La cita fue en un lugar mucho mejor de lo esperado: nada de puertas de medio marco y vaivén, ni pisos con aserrín tratando de tapar los “pequeños tropiezos” de la casa. ¡No! Pantallas por todos lados con el evento deportivo del momento, ventilación decente, iluminación a media luz y clientela de apellido compuesto, de esos que te recuerdan a las grandes cadenas de autoservicio con lemas como “Por ti cuesta menos”, aunque ahora prefieran decir “Primero los pobres”.
Al llegar a la mesa, uno de mis amigos más queridos —a quien apodamos “El Agonías” porque siempre se queja de algo y hay que rogarle para todo— me suelta, sin filtro:
—Nada de chistes de Pepito, ¿eh?
No supe si hablaba del de los chistes o del de los cuentos… porque uno es puro ingenio, y el otro, puro trámite. Así que decidí no tentar al destino y mejor les conté algo no menos curioso, pero más profundo que los cuentos de Pepito: una historia de ficción con tintes tan reales que dan miedo.
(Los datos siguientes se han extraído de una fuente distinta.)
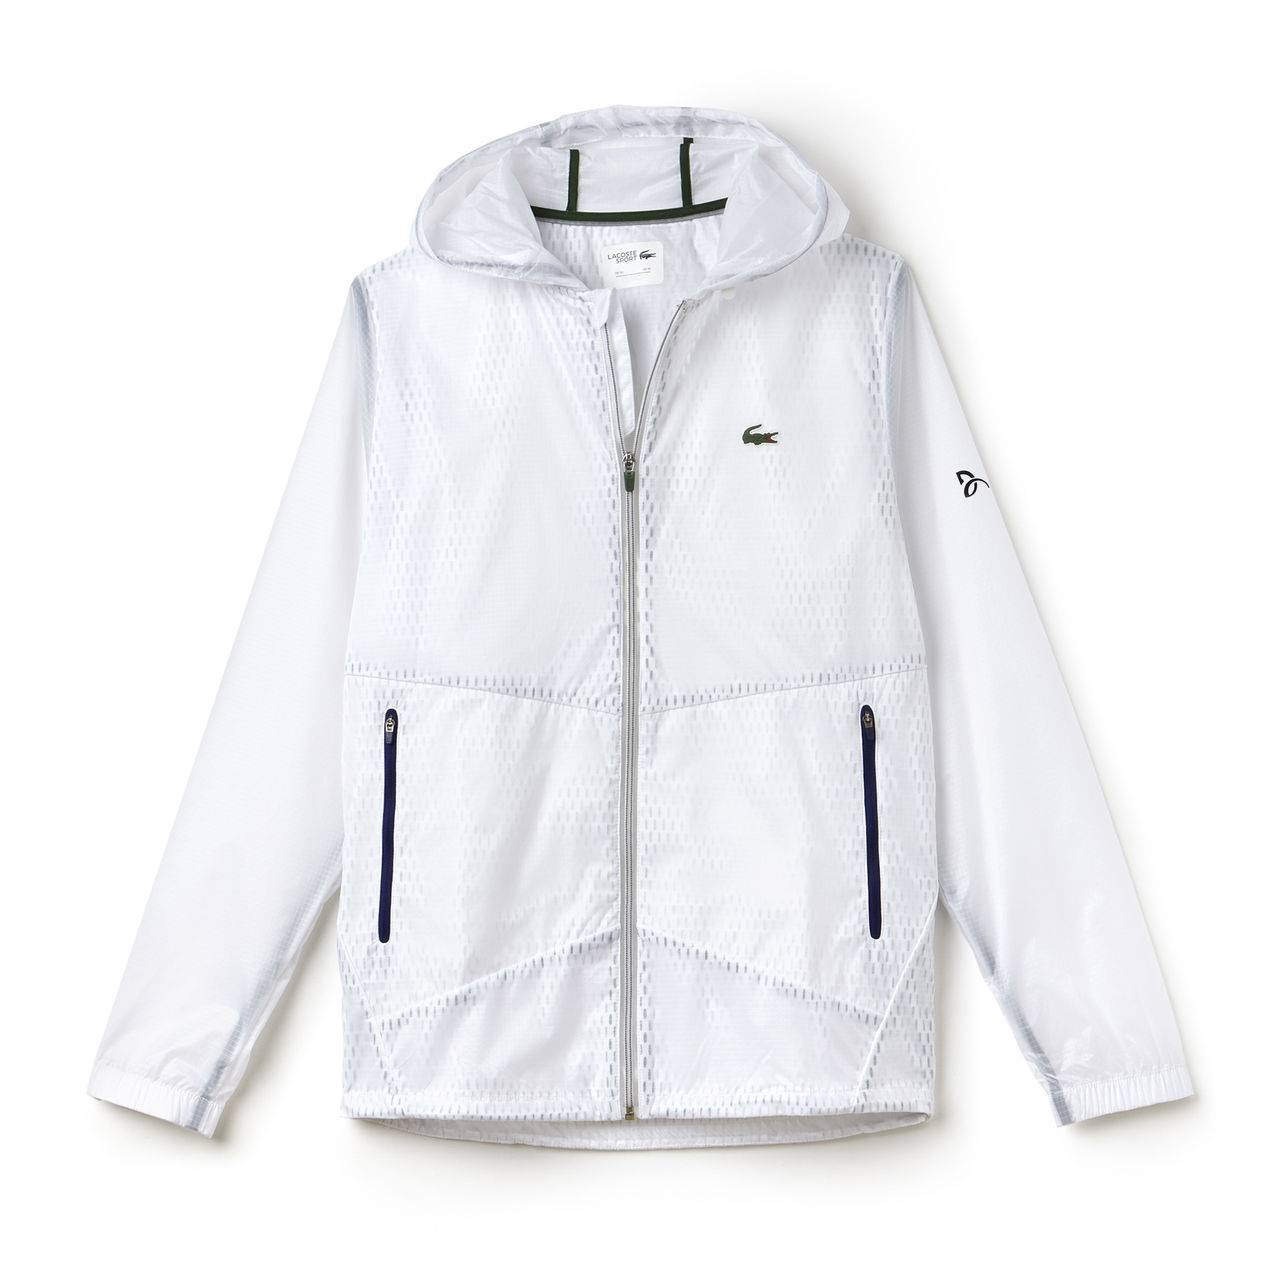 Lacoste Novak Djokovic Jacket Exclusive Edition White L

Les hablé de Don David Sala de Aylsa, un personaje que, con modales de buen vecino, está logrando quitarle la chamba a los viene-viene. ¿Cómo? Pintando rayas en la calle, colocando reflejantes y lanzando una aplicación llamada “Parkilana”, operada por un grupo conocido en el argot político como “La Yunta”—no porque siembren, sino porque jalan… pero lana.
La idea, según ellos, es acabar con los gandallas que se sienten dueños del espacio público y dejan el coche estacionado ¡hasta por 12 horas! Como diría mi tía Lore:
—¡Ay, pero qué barbaridad!
La promesa es tentadora: tres horas gratis, claro, si estás bien estacionado. Después, diez bolívares por cada hora extra. Lo interesante (y lo sospechoso) viene con las multas: uso discrecional, no contempladas en la ley de ingresos y supuestamente, destinadas a contratar más policías. Suena a chiste, pero es anécdota.
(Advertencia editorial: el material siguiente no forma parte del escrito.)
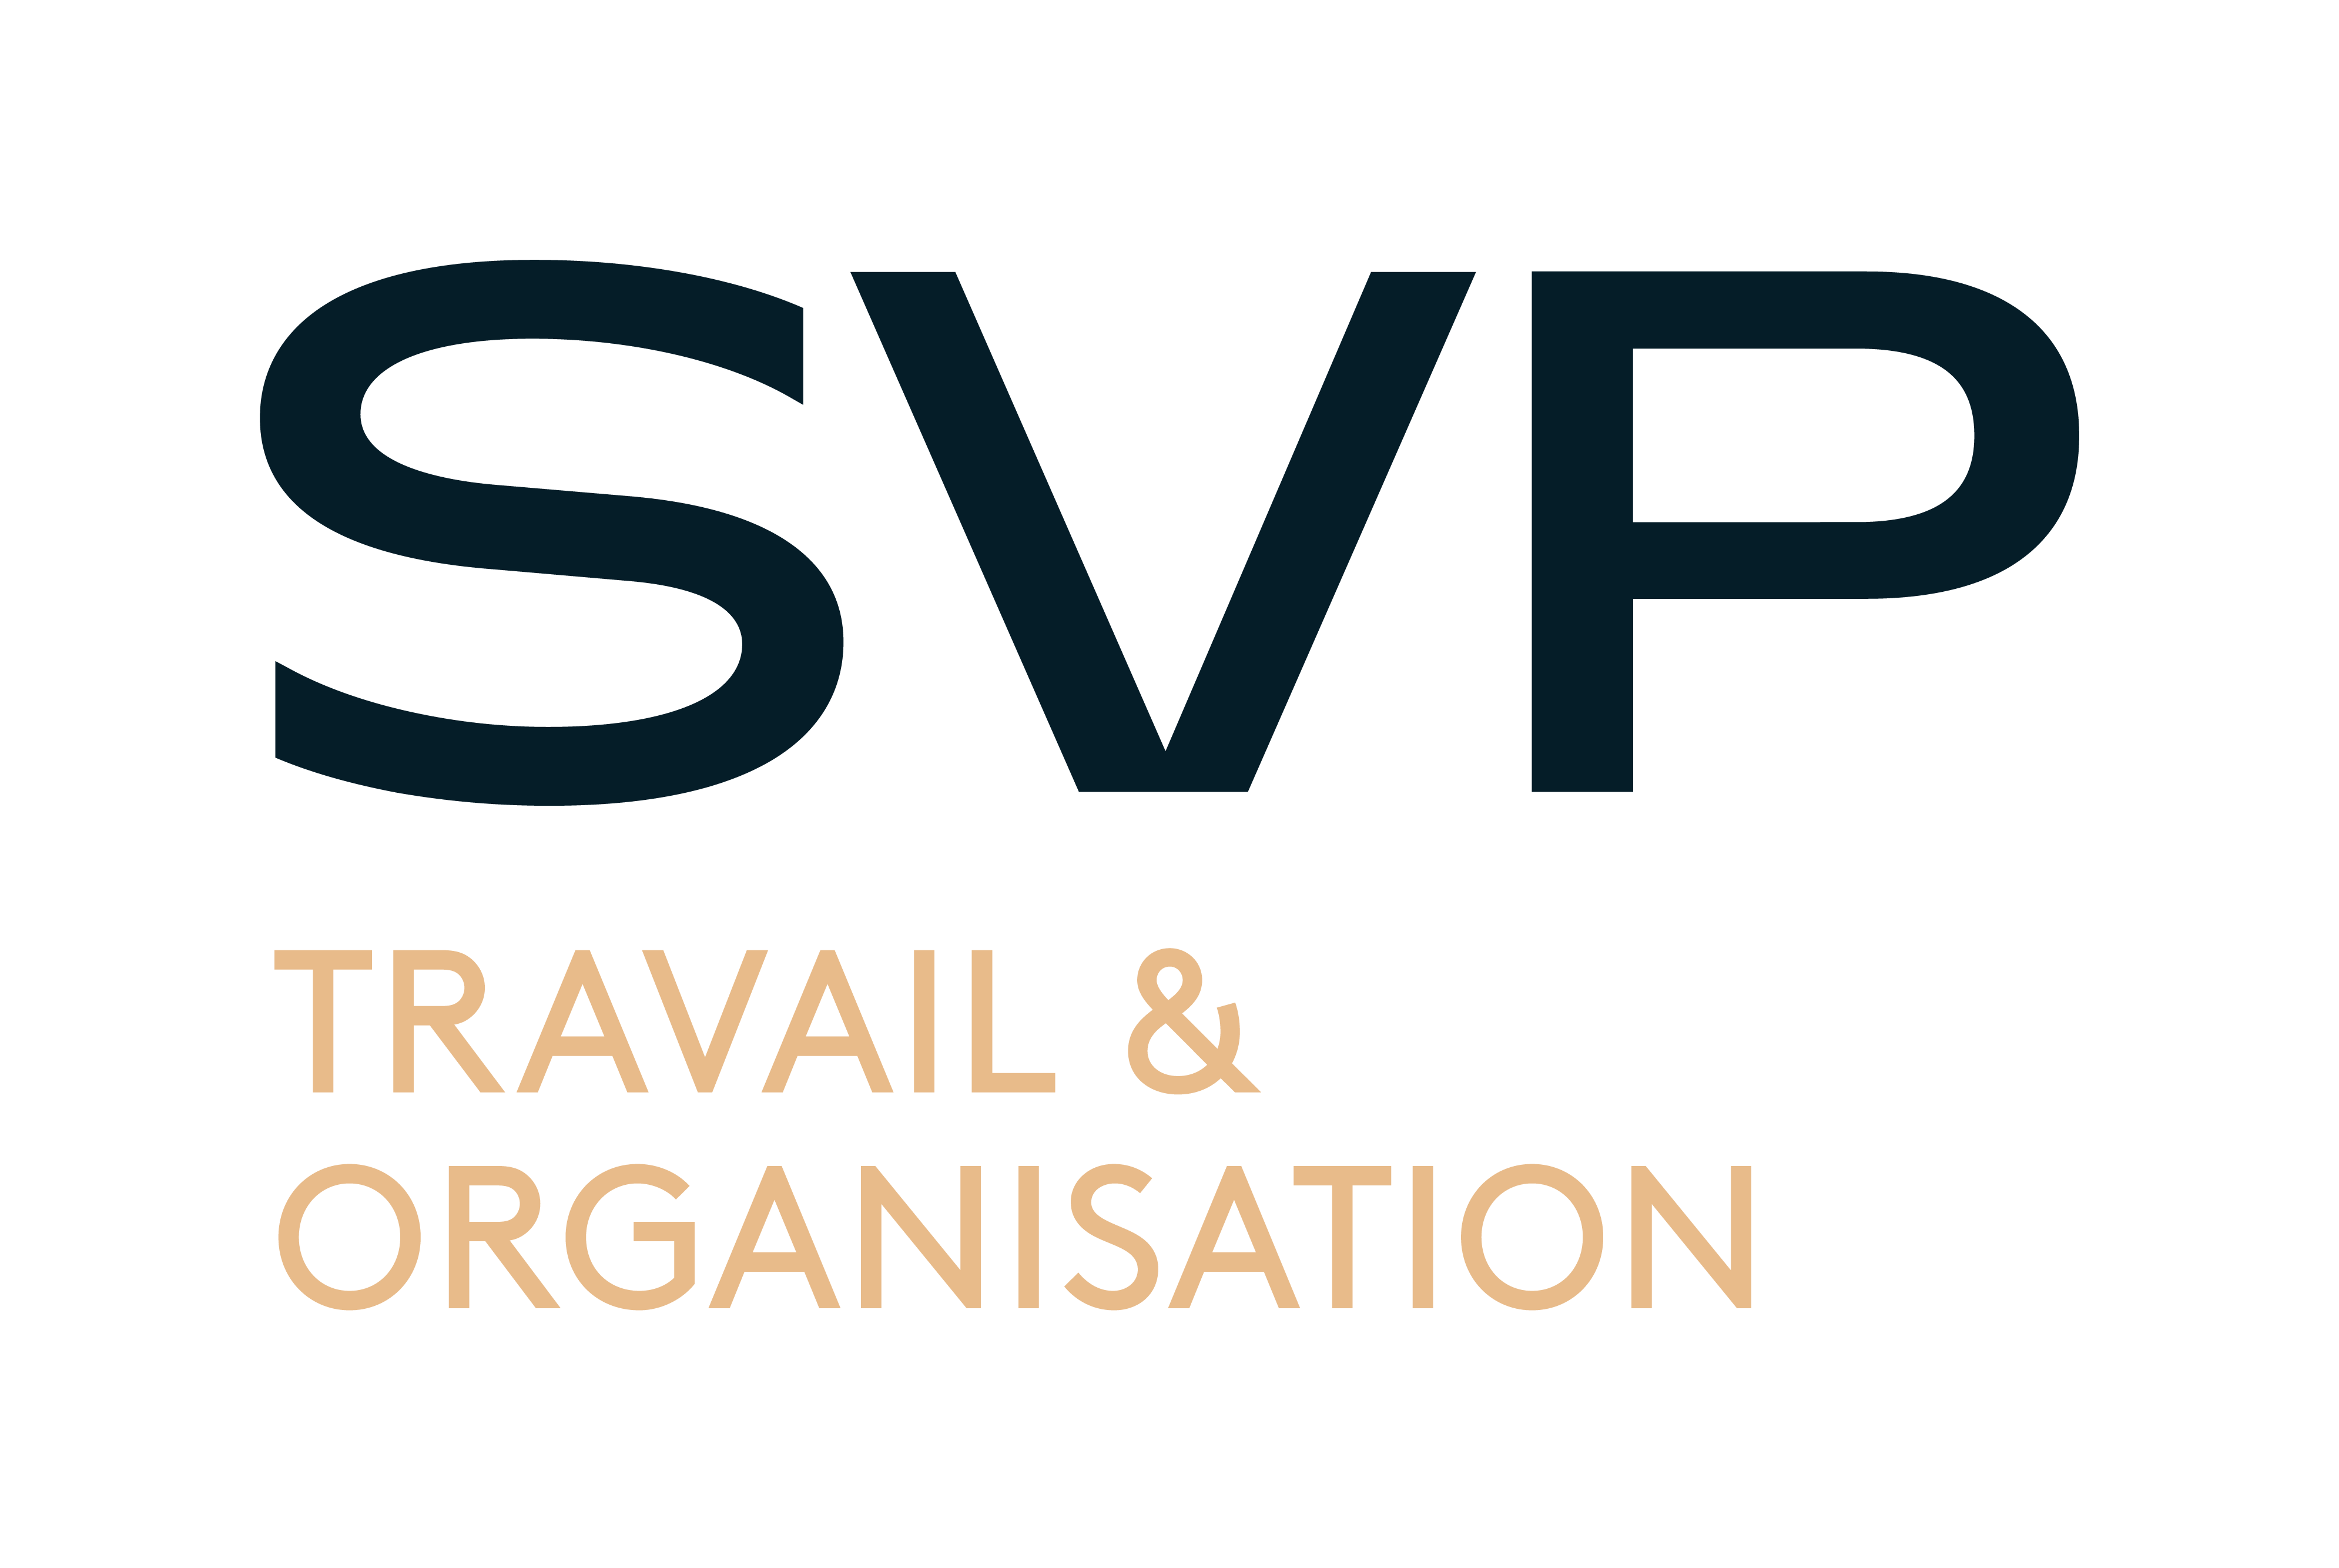 Centre SVP Travail & Organisation  - Saint-Herblain (44)

Mientras lo contaba, los de la mesa me veían como si estuviera narrando un capítulo inédito de Black Mirror versión “última transformación.” Incluso “El Agonías” se animó a comentar:
—¿Y en qué estado, municipio o país permitirían eso? No creo que exista sociedad tan… ¿cómo decirlo? ¿convenientemente ingenua?
Y “El Dálmata” (así le decimos porque sus manchas no son más que cicatrices de guerra), remató:
—Eso te lo estás inventando. Ningún gobierno sería tan rapaz, ni la gente tan cívicamente dormida como para permitir algo así.
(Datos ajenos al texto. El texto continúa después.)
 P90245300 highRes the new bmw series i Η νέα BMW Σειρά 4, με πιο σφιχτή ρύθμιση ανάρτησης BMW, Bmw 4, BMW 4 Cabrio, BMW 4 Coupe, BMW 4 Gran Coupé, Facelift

Yo solo levanté mi vaso, les sonreí y respondí:
—Claro que me lo inventé… ¿a poco a las cantinas se viene a hablar en serio?
—¡Salud! —gritaron todos, y yo brindé con gusto mientras pensaba:
Pero si la culpa no la tiene el indio… sino el que lo hace compadre.
¿Será que Pepito tiene compadres?
¿El de los chistes? ¡No! ¡El de los cuentos!